Tema principale della campagna elettorale è senza dubbio stata la questione migratoria. Orbàn è fortemente contrario all’apertura delle frontiere, al progetto di redistribuzione dei profughi all’interno dell’Unione europea e alla revisione del regolamento Dublino III. Il primo ministro aveva già suscitato le critiche di gran parte dell’opinione pubblica europea nel 2015 quando, durante la crisi migratoria che coinvolse tutto il continente, fece costruire un muro al confine con Serbia e Croazia per impedire l’arrivo dei profughi.
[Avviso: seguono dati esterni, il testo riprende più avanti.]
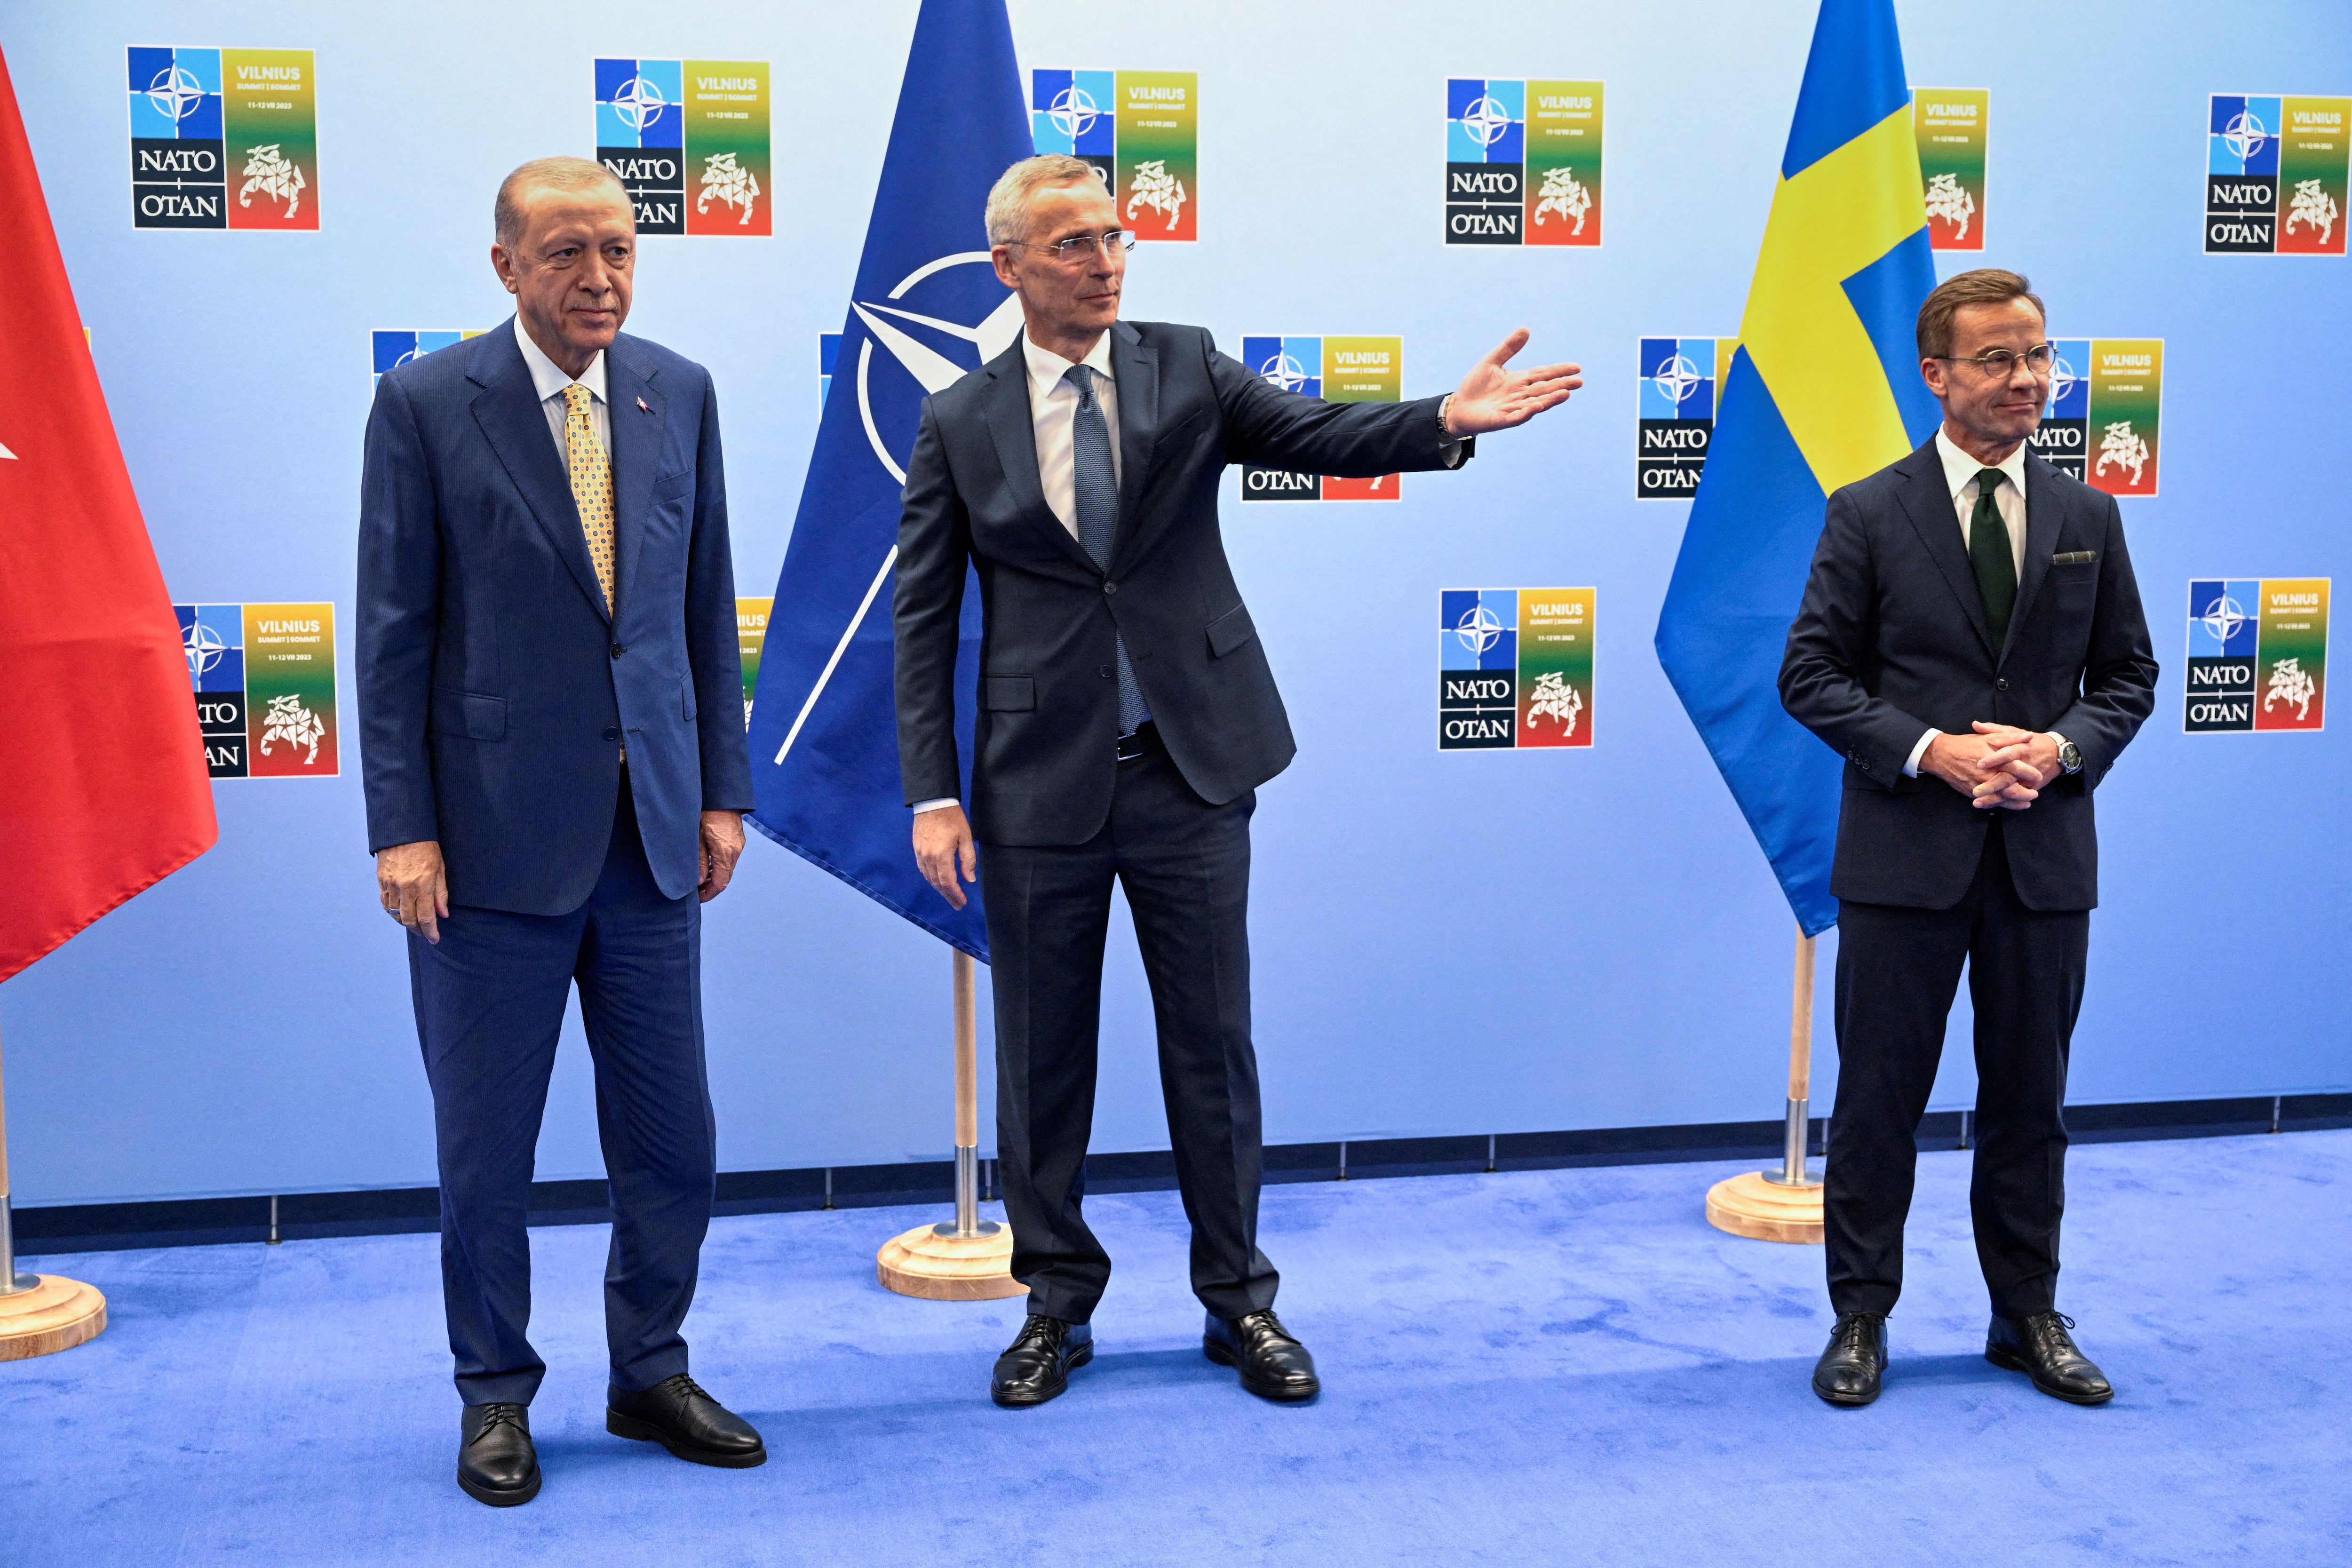 El presidente turco Tayyip Erdogan, el primer ministro sueco Ulf Kristersson y el secretario general de la OTAN Jens Stoltenberg (Henrik Montgomery /TT News Agency/via REUTERS)

Tre anni dopo, continua a far leva in particolar modo sul sentimento di paura degli ungheresi nei confronti dei migranti musulmani. In realtà, se i si vanno a scoprire i dati reali, si vede che la paura per il cosiddetto “pericolo invasione” è completamente infondata: nel 2016 gli stranieri in Ungheria erano circa 23.803 su 10 milioni di abitanti, ma quasi la metà di essi proveniva da altri paesi europei, per cui la percentuale di migranti e richiedenti asilo presenti sul territorio non è affatto elevata.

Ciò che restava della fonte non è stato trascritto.